Michael Jeffrey Lee



All in all, the trip went well.

Savannah was beautiful.

It ended up being fine.

Eliza was in our hiking group.

She asked us to accompany her.

Of course it was hard for Eliza—it had only been a year.

We saw the room, the actual bed.

It was a four-poster.

A painting of a sunset hung above it.

We didn't stay in the room.

The same b n' b, though.

Sweet Time Blue.

The walls were robin's egg.

Two older ladies ran it: Eunice and Pauline.

African-American ladies.

They had a helper named Jones.

Eliza wanted to thank them.

They'd assisted in the aftermath.

Comforted her, arranged for the cremation.

We didn't know what to expect.

We had no idea what we'd do.

Our husbands gave us the go ahead.

Four days, three nights in Savannah, Georgia.

The colonial capital.

The place Sherman burned.

This wasn't going to be any ordinary vacation.

We decided to let Eliza lead.

What she wanted to do was what we wanted to do.

We packed all kinds of clothes.

Clothes for walking, clothes for going out.

We didn't sleep well, though.

The room was small—two queens and a cot crammed in.

Eliza snored, but it wasn't that.

We kept hearing noises.

Little whooshes, the sound of steps.

We were tired most mornings, but the coffee with chicory helped.
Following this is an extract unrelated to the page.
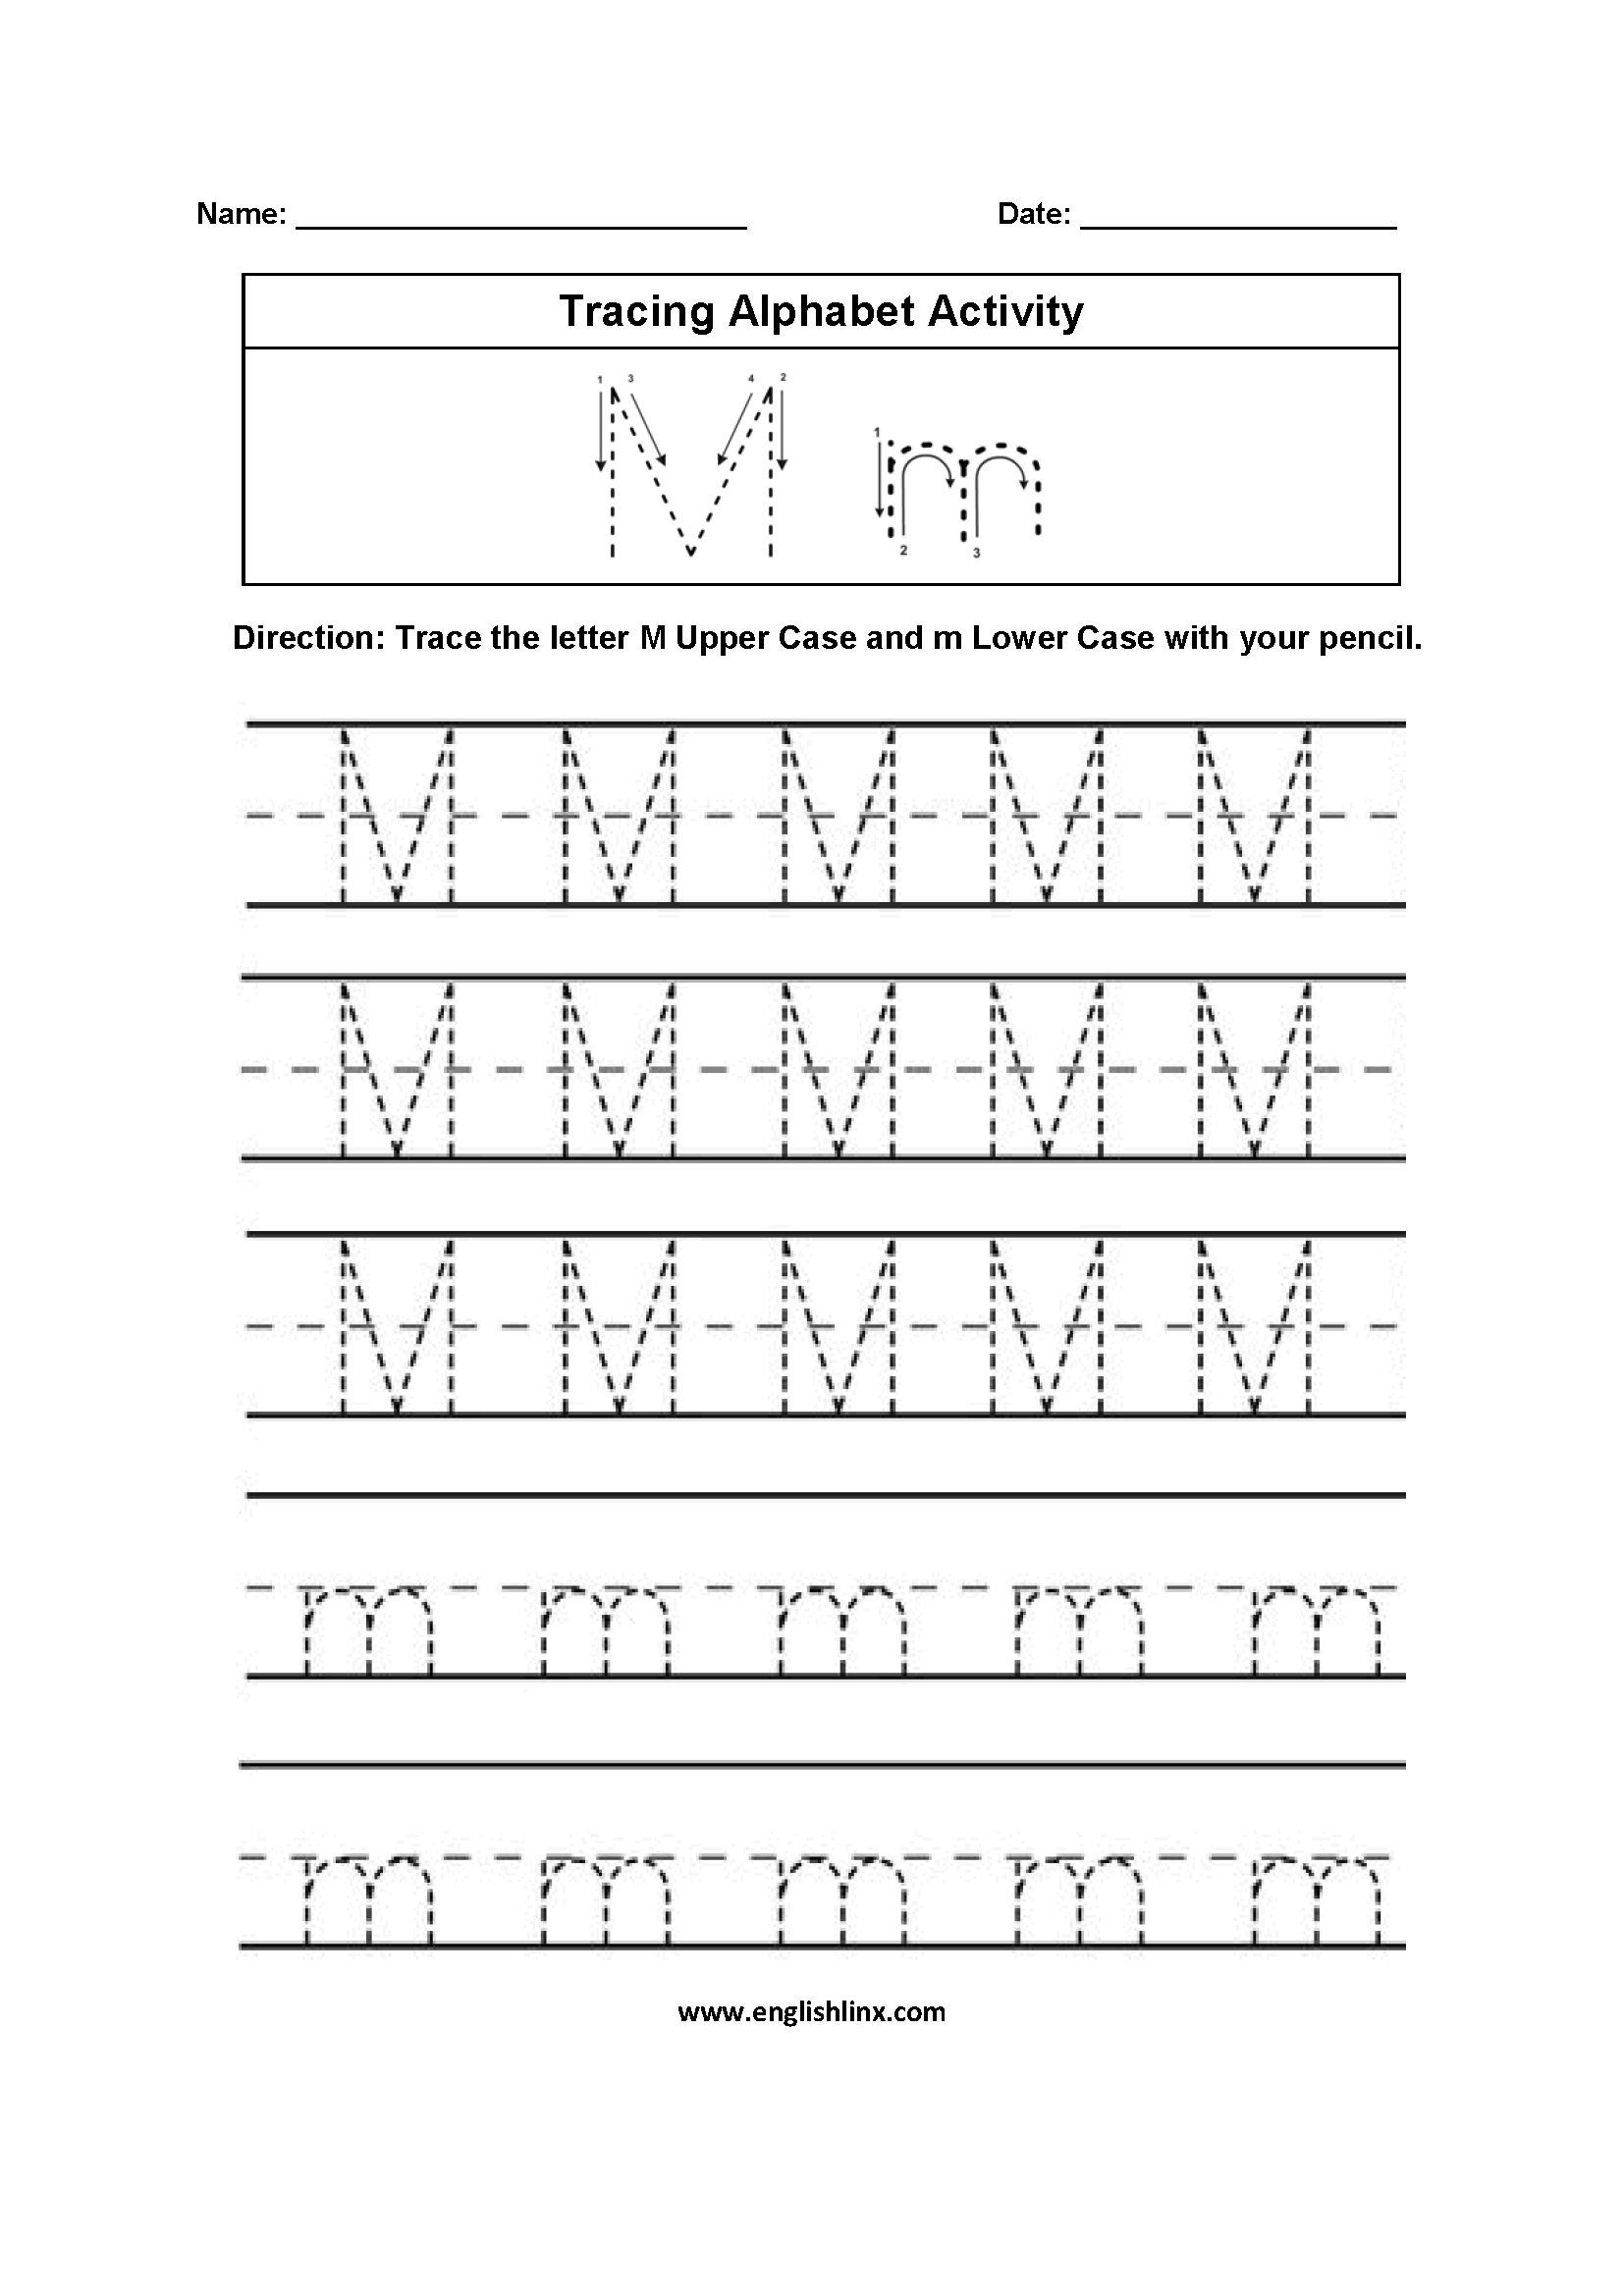 Letter M Tracing Alphabet Worksheets | Homeschool Worksheets with Letter M Tracing Preschool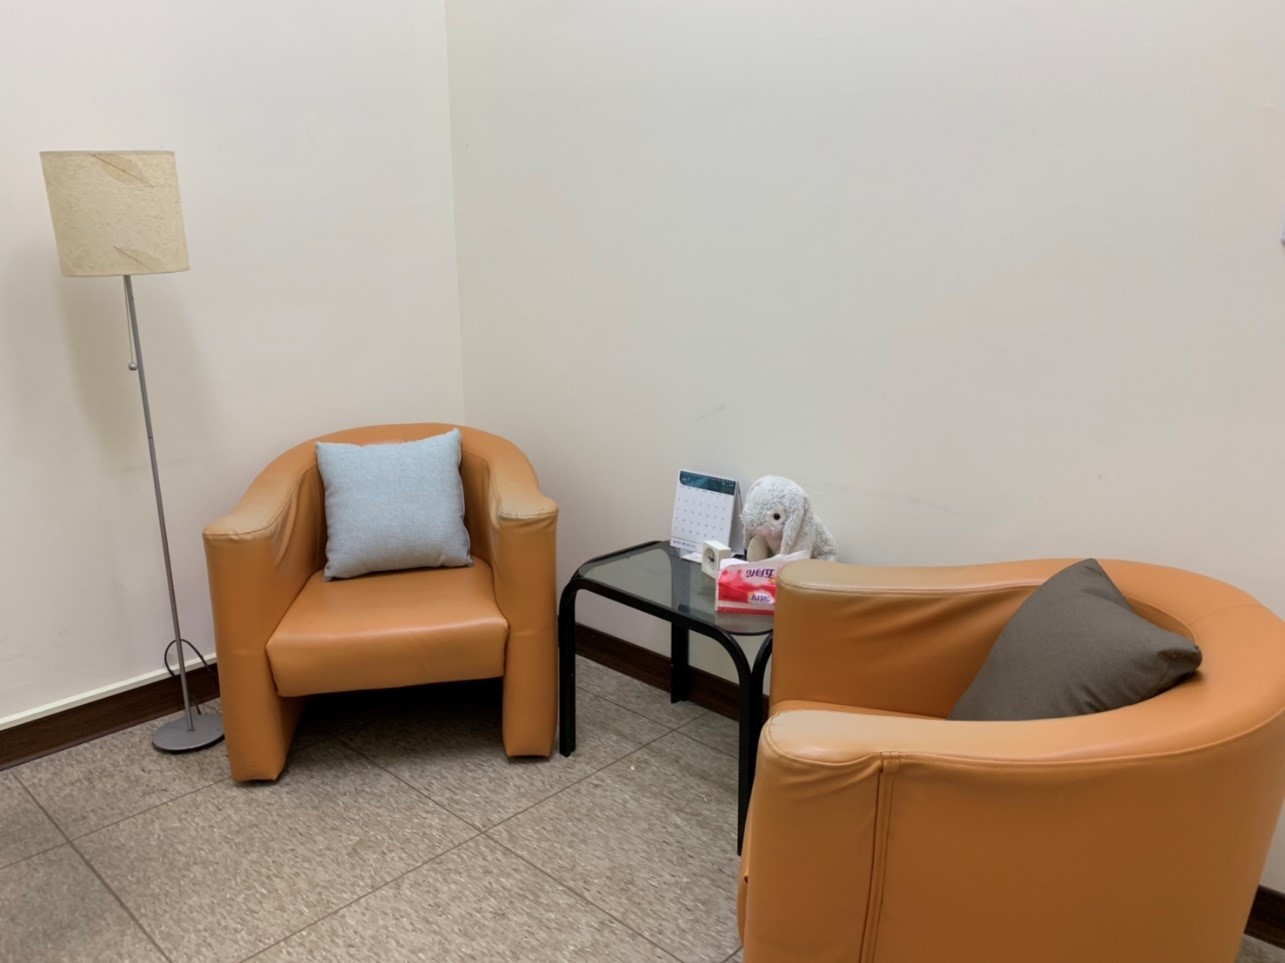 個別諮商室(二)提供單人沙發二張及小圓桌等安心環境。

It's a root that grows in the south.

And the food was good on the whole.

Eliza liked it.

The fish at Traditions was bad, though.

The Thai place was the favorite.

Mostly we just walked downtown.

Saw the squares, the Spanish moss.

It was hard on Eliza, though—she spoke often of Paul.

"We were right here a year ago," she'd say, or "When we were here he said…"

It'd been a good trip before he died.

Apparently his mouth was open.

A heart attack, but peaceful as those things go.

In Forsyth Park we saw the fountain.  

Eliza had to take a minute there.

"I just need a minute," she said.

She sat down on a bench.

She buried her face in her hands.

This lasted about an hour. 
We were patient, but we thought we were going to melt.

It was May but already so hot.

Then we visited a day spa.

Gracious Day was the name.

Eliza wouldn't let us pay.

"The trip was my idea," she said, "so the spa is my treat."

We took a two-hour mud bath.

Cucumbers on our eyes.

Up to our necks in that stuff.

We also saw the river walk, and visited the shops.

I bought some stocking stuffers.

We found a garden, too, one built for the blind.

We stopped and closed our eyes—we tried to imagine what it was like.

Also, there were thunderstorms.

The stillness just before them.

We got caught in one, took shelter in a museum.

The Savannah History Museum.

We saw a ladies' antebellum outfit, and a prop from Forrest Gump.

We also made it to MOMA.

"Let's look at some art," Eliza said, and so we did.

What she wanted to do was what we wanted to do.

She also suggested a ghost tour.

At first we protested—it seemed too morbid.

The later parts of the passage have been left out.